Task: The task calls for the lines below from the line with "Screenshot of the" to the line with "Moray Eel Peeking", both ends included, copied exactly, without any pictures.

Data section:
============================================================
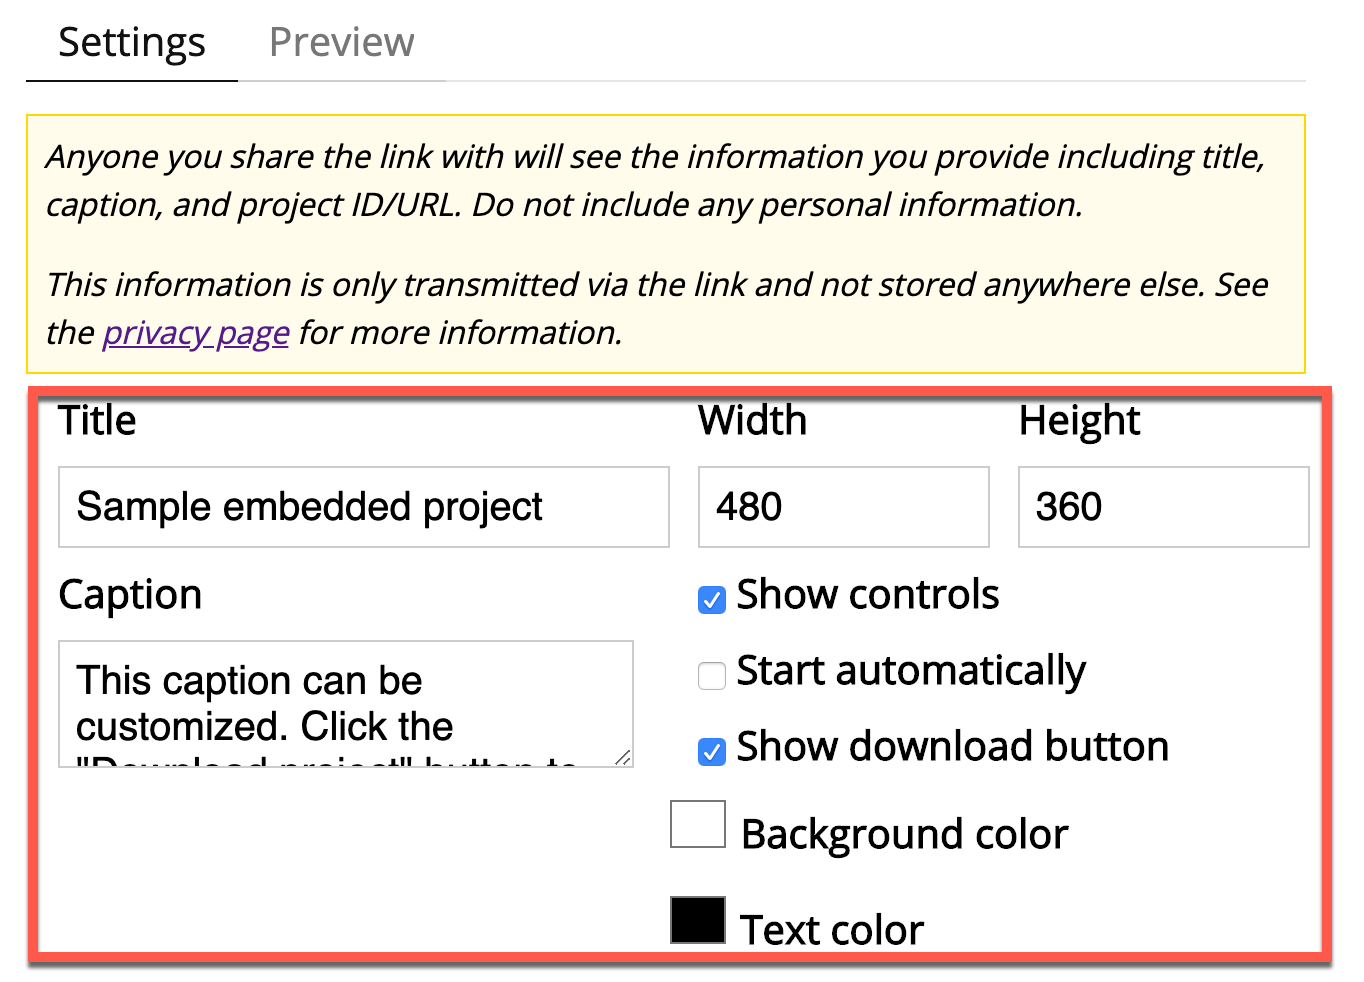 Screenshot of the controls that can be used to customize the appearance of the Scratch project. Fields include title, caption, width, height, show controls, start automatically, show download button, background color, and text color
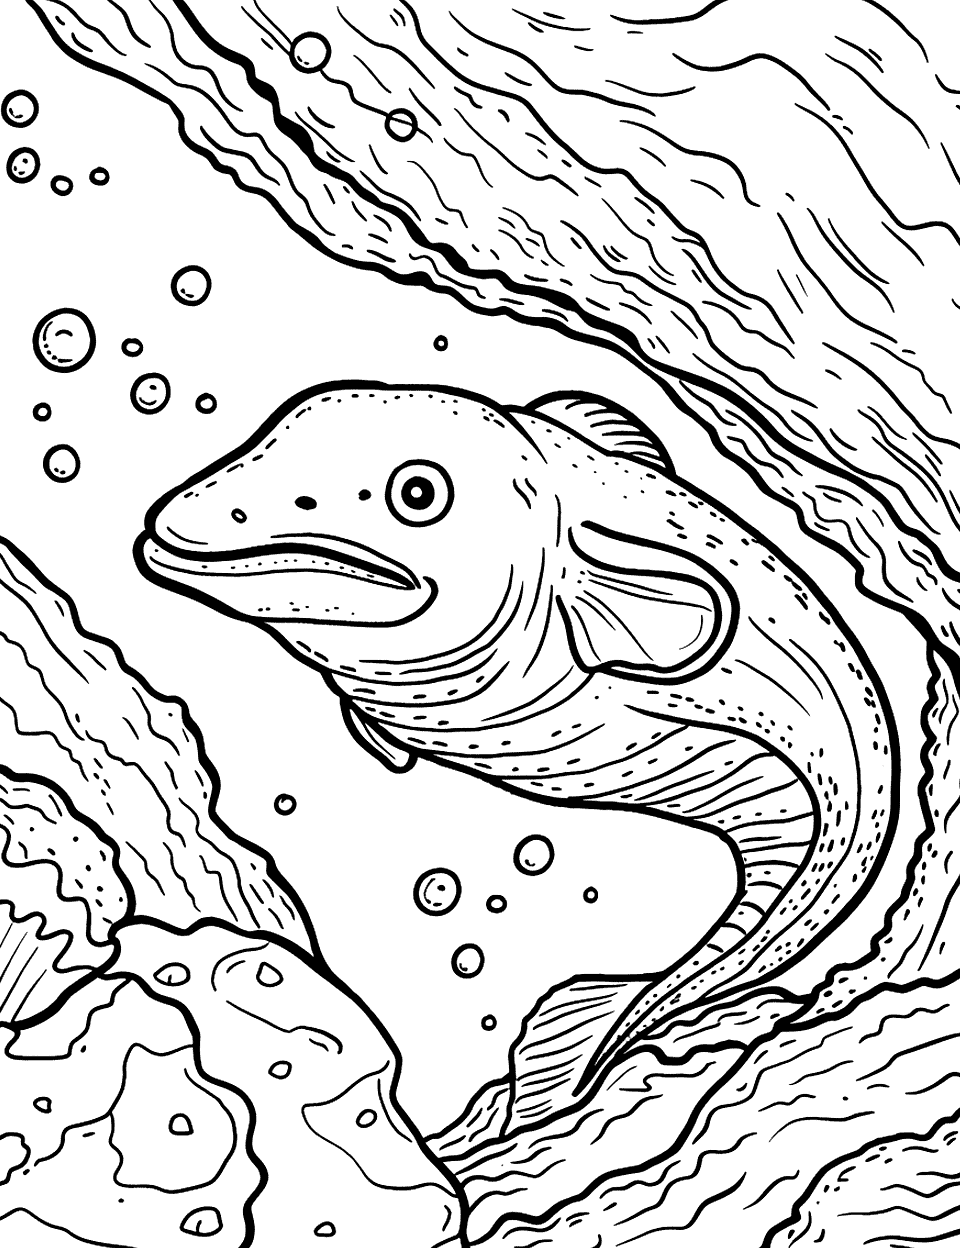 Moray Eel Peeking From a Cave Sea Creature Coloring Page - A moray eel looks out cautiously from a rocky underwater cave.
============================================================
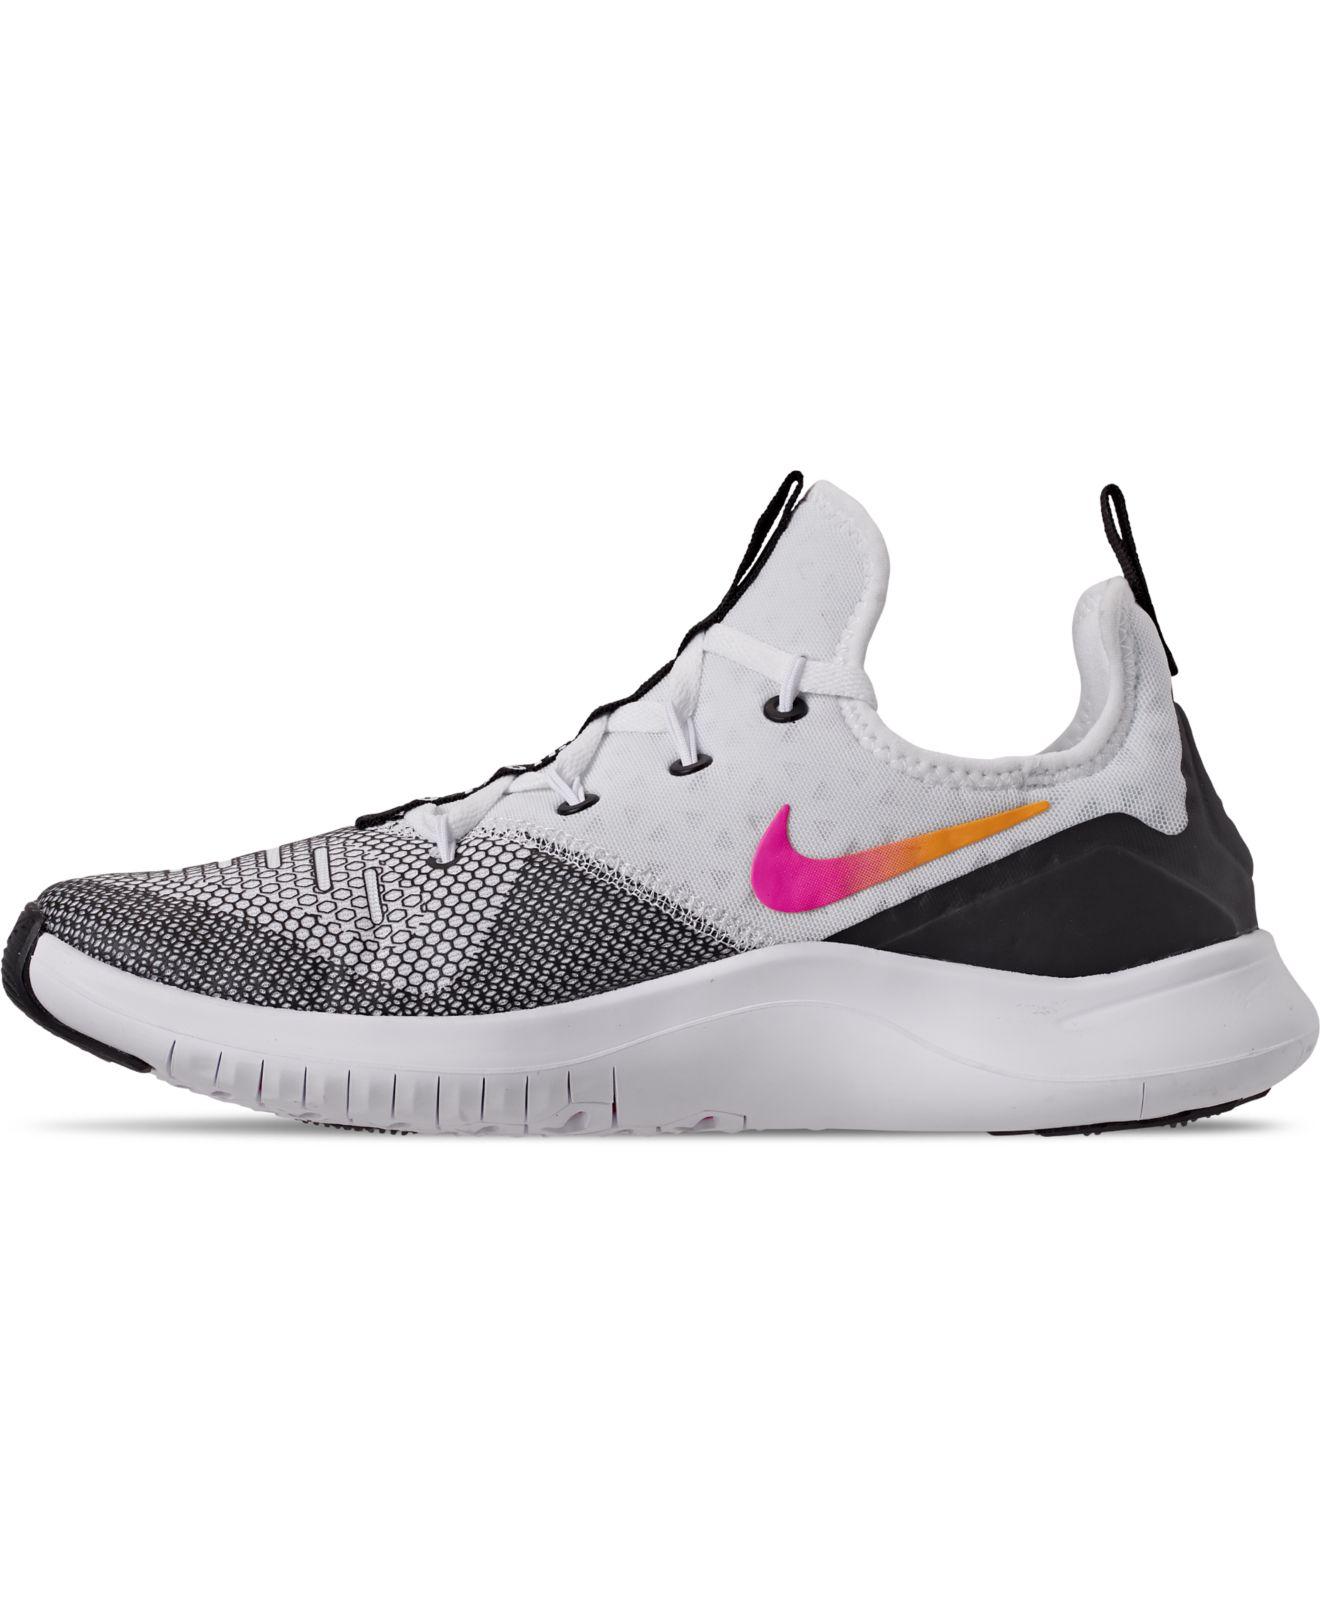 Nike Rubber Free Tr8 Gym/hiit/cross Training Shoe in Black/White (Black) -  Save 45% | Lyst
============================================================
Solution:
 Screenshot of the controls that can be used to customize the appearance of the Scratch project. Fields include title, caption, width, height, show controls, start automatically, show download button, background color, and text color
 Moray Eel Peeking From a Cave Sea Creature Coloring Page - A moray eel looks out cautiously from a rocky underwater cave.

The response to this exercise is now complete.